Singles from Probably Wrong
- "I Can't Breathe" Released: May 31, 2017; "Hell of a Year" Released: December 1, 2017;

= Probably Wrong =

Probably Wrong is the second studio album by American country music artist Parker McCollum. It was released on November 10, 2017, by PYM Music. It was co-produced by Lloyd Maines and McCollum. The album was originally released as two EPs, Probably Wrong: Session One and Probably Wrong: Session Two on July 7, 2017, and September 8, 2017, respectively. The album was released with the eight combined tracks from both EPs alongside two new tracks, bringing the total to ten.

The singles "I Can't Breathe" and "Hell of a Year" became certified gold by the Recording Industry Association of America (RIAA) in 2023.

==History==
The writing and recording of Probably Wrong took place during a transformative time in McCollum's early career.

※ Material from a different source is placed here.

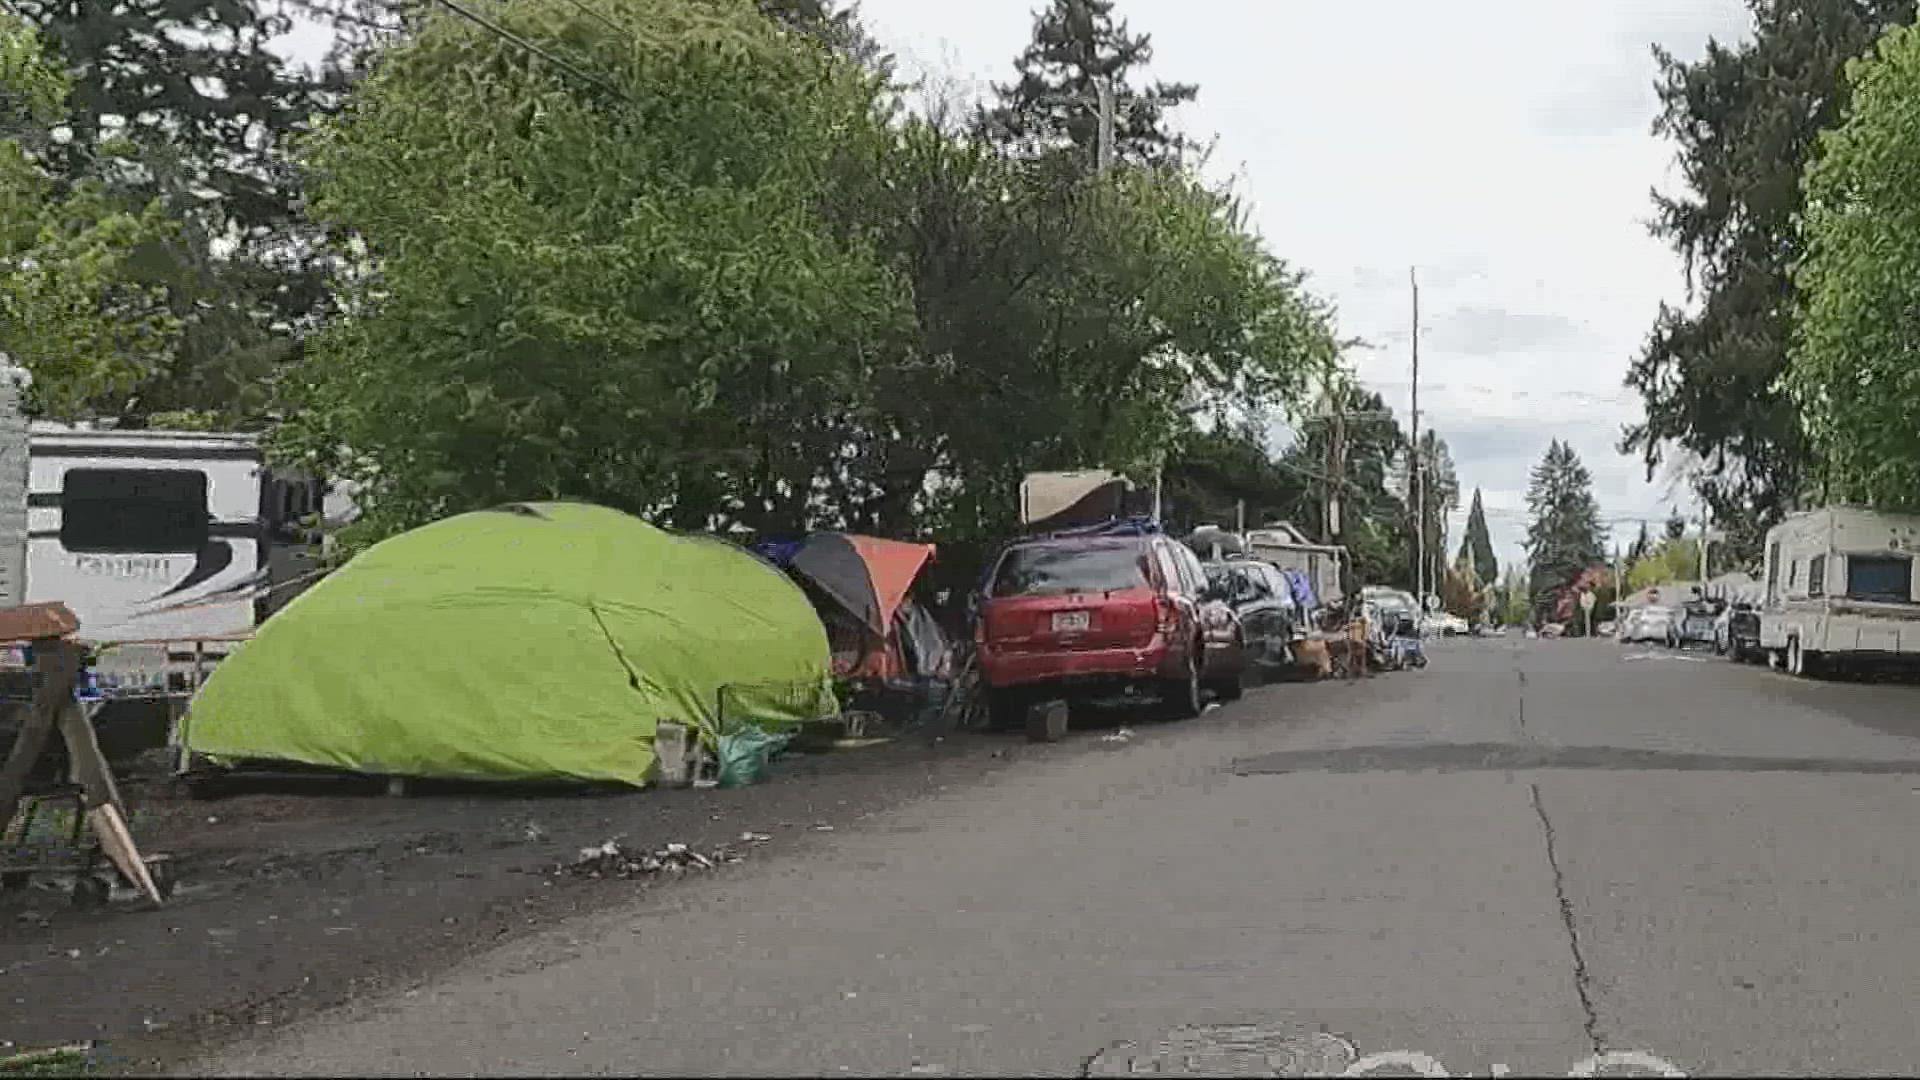 Tenants say campers are aggressive, crime has increased and they no longer feel safe living there.

In an interview with Digital Journal, McCollum stated that he had written the whole album over a six-week span.

The album was produced by Grammy Award-winner Lloyd Maines.

As a result of the album's success, McCollum signed with Warner Chappell Music.

==Critical reception==
Probably Wrong received generally positive reviews from critics, with praise for McCollum's songwriting growth and the album's blend of traditional and contemporary influences.

==Track listing==

| No. | Title | Writer(s) | Length |
|---|---|---|---|
| 1. | "Memphis Rain" | Parker McCollum | 4:12 |
| 2. | "South of the City Lights" | P. McCollum | 4:13 |
| 3. | "Lonesome Ten Miles" | Doug Jones; P. McCollum; Tyler McCollum; | 3:29 |
| 4. | "I Can't Breathe" | Micky Braun; P. McCollum; | 4:17 |
| 5. | "The Truth" | P. McCollum | 3:58 |
| 6. | "Misunderstood" | P. McCollum | 3:21 |
| 7. | "Things Are Looking Up" | P. McCollum | 5:14 |
| 8. | "Blue Eyed Sally" | Austen Biggers | 3:26 |
| 9. | "Learn to Fly" | T. McCollum | 3:30 |
| 10. | "Hell of a Year" | P. McCollum | 3:52 |
| Total length: |  |  | 39:36 |

===EPs===

Probably Wrong: Session One
| No. | Title | Writer(s) | Length |
|---|---|---|---|
| 1. | "Memphis Rain" | Parker McCollum | 4:10 |
| 2. | "Lonesome Ten Miles" | Doug Jones; P. McCollum; Tyler McCollum; | 3:27 |
| 3. | "South of the City Lights" | P. McCollum | 4:11 |
| 4. | "I Can't Breathe" | Micky Braun; P. McCollum; | 4:15 |
| Total length: |  |  | 16:04 |

Probably Wrong: Session Two
| No. | Title | Writer(s) | Length |
|---|---|---|---|
| 1. | "The Truth" | P. McCollum | 3:56 |
| 2. | "Misunderstood" | P. McCollum | 3:19 |
| 3. | "Things Are Looking Up" | P. McCollum | 5:12 |
| 4. | "Blue Eyed Sally" | Austen Biggers | 3:24 |
| Total length: |  |  | 15:52 |

==Personnel==
Track numbers are from the album release.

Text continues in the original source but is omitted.